Naturally, if you consider SQL as code (which I do), then you want all the usual tooling around code. It’s easy to benefit from version control when your SQL files are stored in separate files, so that’s a checked box. It might be less easy to unit test and regression test your queries, you think… In this article we see how to do that!
There are different ways to test your SQL queries, among them in good position we can do Unit Testing and Regression Testing. The Unit Testing is used to run your queries against static arguments and a static data set, and allows to test very basic things. The assumptions that you want to never break, because your code rely on them.
Regression Testing is about ensuring that when you change things, they continue to implement the same contract. In term of SQL, you can either change your data set (adding columns, altering data types, etc) or your queries. If you run the same query against a different schema or a modified data set that should be compatible it might be named Integrity Testing.
Unit Testing SQL
For Unit Testing in PostgreSQL the perfect tool is pgTap: pgTAP is a suite of database functions that make it easy to write TAP-emitting unit tests in psql scripts or xUnit-style test functions. The TAP output is suitable for harvesting, analysis, and reporting by a TAP harness, such as those used in Perl applications.
When using pgTap, see the relation-testing functions for implementing result set based unit tests. From the documentation, let’s pick a couple example, testing against static result sets as VALUES:
SELECT results_eq(
'SELECT * FROM active_users()',
$$
VALUES (42, 'Anna'),
(19, 'Strongrrl'),
(39, 'Theory')
$$,
'active_users() should return active users'
);
and ARRAYS:
SELECT results_eq(
'SELECT * FROM active_user_ids()',
ARRAY[ 2, 3, 4, 5]
);
As you can see your unit tests are coded in SQL too. Which means you have all the SQL power at your hands to write tests, and also that you can check your schema integrity directly in SQL, using PostgreSQL catalog functions.

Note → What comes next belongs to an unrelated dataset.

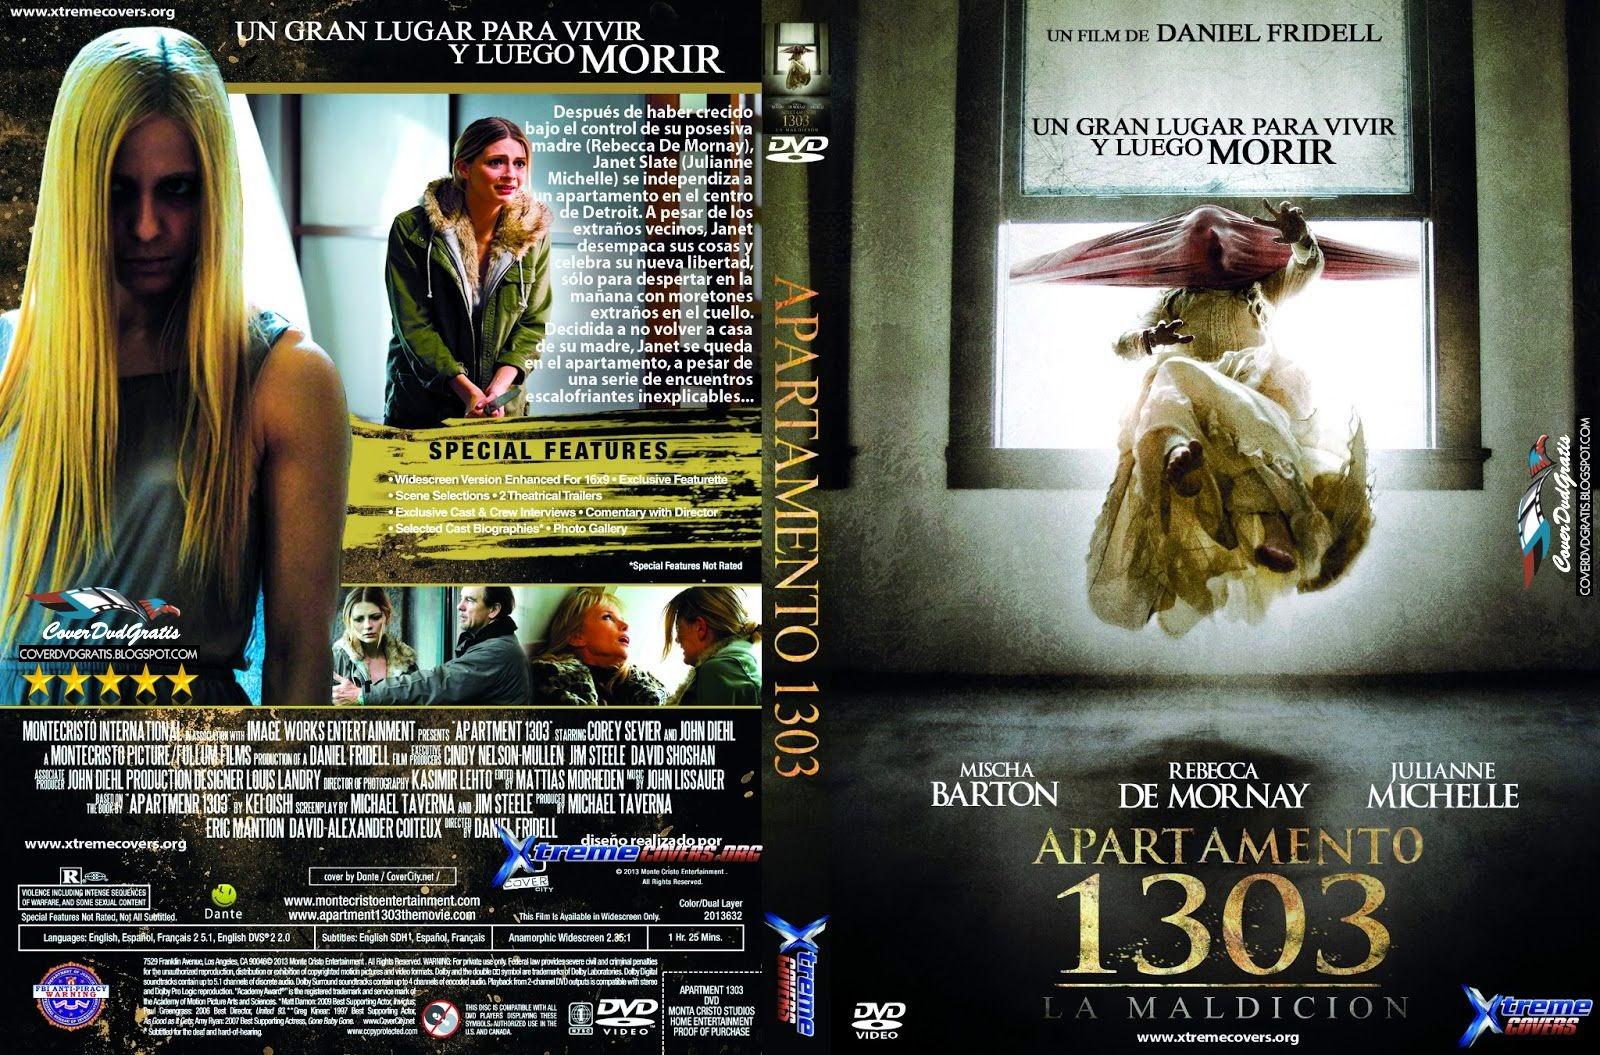 Apartment 1303 3D 2013 DVD COVER - CoverDvdGratis
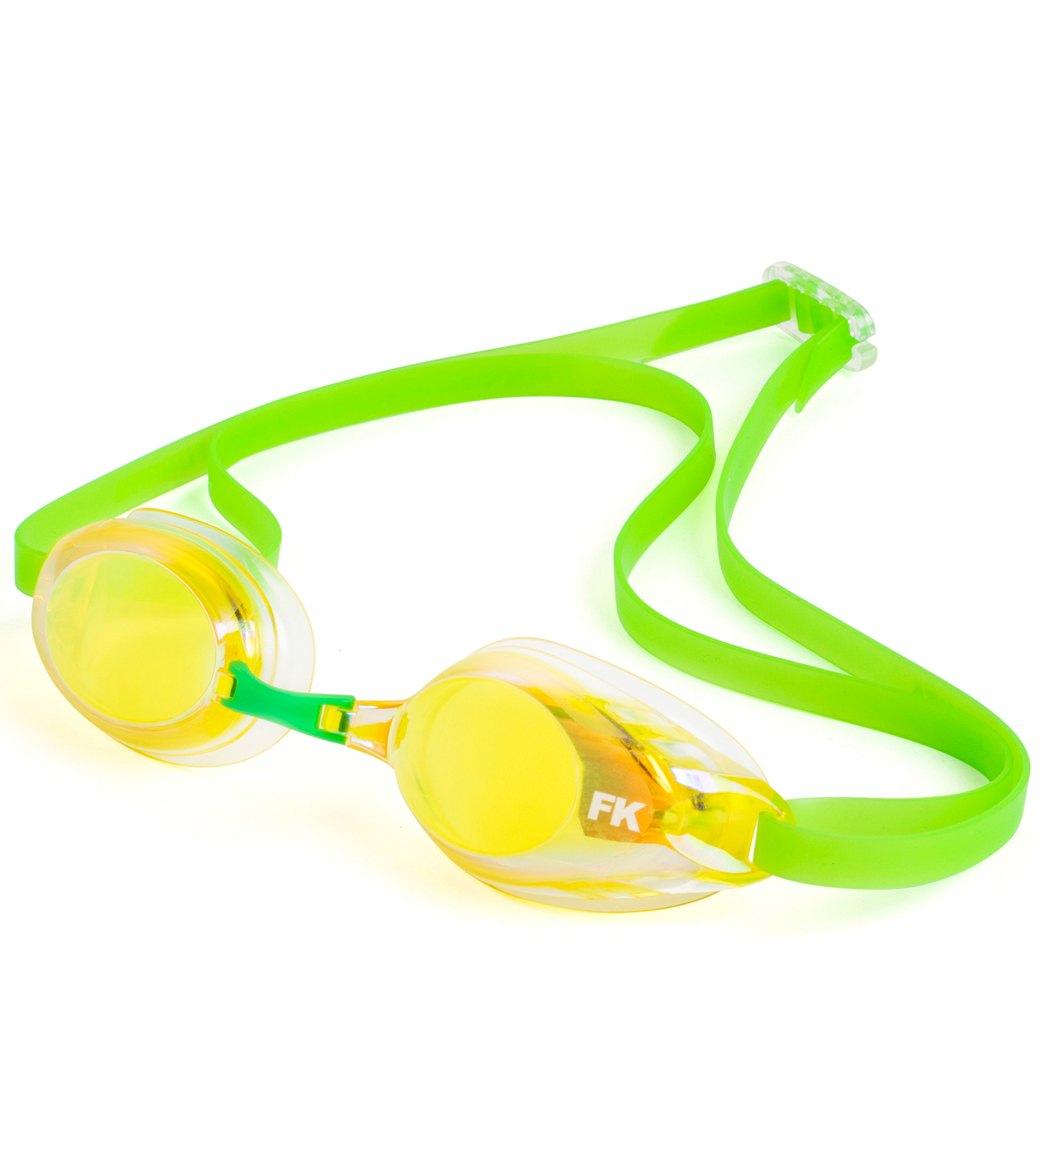 Funkita Slipstream Racer Swim Goggle At Swimoutlet Com

So check out pgTap to implement PostgreSQL Unit Tests.
RegreSQL
In my article How to Write SQL the main take out is that your SQL queries are to be managed in .sql files, just like in the following example:
-- name: list-albums-by-artist
-- List the album titles and duration of a given artist
select album.title as album,
sum(milliseconds) * interval '1 ms' as duration
from album
join artist using(artistid)
left join track using(albumid)
where artist.name = :'name'
group by album
order by album;
Such a query is expected to be processed either by psql
directly thanks to
its
psql variables support,
or by a library like
Clojure’s YeSQL or
Python’s anosql for using in your
application’s code base. Implementations exist in other programming
languages too of course, so check out if your favorite is listed already at
the main YeSQL GitHub’s page.
In the put your money where your mouth is department, allow me to unveil the small and neat tool RegreSQL:
$ go get github.com/dimitri/regresql
$ regresql --help
Run regression tests for your SQL queries
Usage:
regresql [command]
Available Commands:
help Help about any command
init Initialize regresql for use in your project
list list candidates SQL files
plan Creates missing plans for new queries
test Run regression tests for your SQL queries
update Creates or updates the expected output files
The idea of RegreSQL is to make it easy to run Regression Tests against SQL queries that you manage with a YeSQL like library. In a local sample application using the query shown above, we can use RegreSQL to run our queries and check that their result is the expected one:
$ regresql test
Connecting to 'postgres:///chinook?sslmode=disable'… ✓
TAP version 13
ok 1 - src/sql/album-by-artist.1.out
ok 2 - src/sql/album-tracks.1.out
ok 3 - src/sql/artist.1.out
ok 4 - src/sql/genre-topn.top-3.out
ok 5 - src/sql/genre-topn.top-1.out
ok 6 - src/sql/genre-tracks.out
To be able to do that, we need parameters to associate with our queries.
RegreSQL calls that a test plan, and you can create your test plans with
the command regresql init
or regresql plan
if you’re already initialized
a repository and just added some queries…
If we take the regresql/plans/src/sql/genre-topn.yaml plan file as an example, it contains two sets of parameters for the src/sql/genre-topn.sql query. The YAML file contains plans. Each plan has a name, then a list of key and values. The keys are the SQL parameter names, and the values are the actual values we want to test our queries with. Here’s the genre-topn.yaml content:
"top-3":
"n": "3"
"top-1":
"n": "1"
The RegreSQL tool creates empty plan files with a single plan named “1”, and prefills it with empty string values for all the query parameters, so that you only have to fill-in the actual values for testing.
Use regresql update
to run the queries and register their output as the
expected ouput. In the following usage example, we did regresql update
with "n": "1"
in our plan file, but then changed our mind and replaced it
with "n": "2"
before running regresql test
:
$ regresql test
Connecting to 'postgres:///chinook?sslmode=disable'… ✓
TAP version 13
ok 1 - src/sql/album-by-artist.1.out
ok 2 - src/sql/album-tracks.1.out
# Query File: 'src/sql/artist.sql'
# Bindings File: 'regresql/plans/src/sql/artist.yaml'
# Bindings Name: '1'
# Query Parameters: 'map[n:2]'
# Expected Result File: 'regresql/expected/src/sql/artist.1.out'
# Actual Result File: 'regresql/out/src/sql/artist.1.out'
#
# --- regresql/expected/src/sql/artist.1.out
# +++ regresql/out/src/sql/artist.1.out
# @@ -1,4 +1,5 @@
# - name | albums
# -------------+-------
# -Iron Maiden | 21
# + name | albums
# +-------------+-------
# +Iron Maiden | 21
# +Led Zeppelin | 14
#
not ok 3 - src/sql/artist.1.out
ok 4 - src/sql/genre-topn.top-3.out
ok 5 - src/sql/genre-topn.top-1.out
ok 6 - src/sql/genre-tracks.out
We can see that the query returns the 2 most prolific artists of our collection rather than the expected single most prolific artist. If that’s your new requirements for the query, then update the expected result. If not, then fix your query!
Conclusion
SQL is code. We need a productive and complete tooling around it, and most of this tooling is already available. It’s quite easy to fill-in the gaps, as soon as you start considering that SQL is code.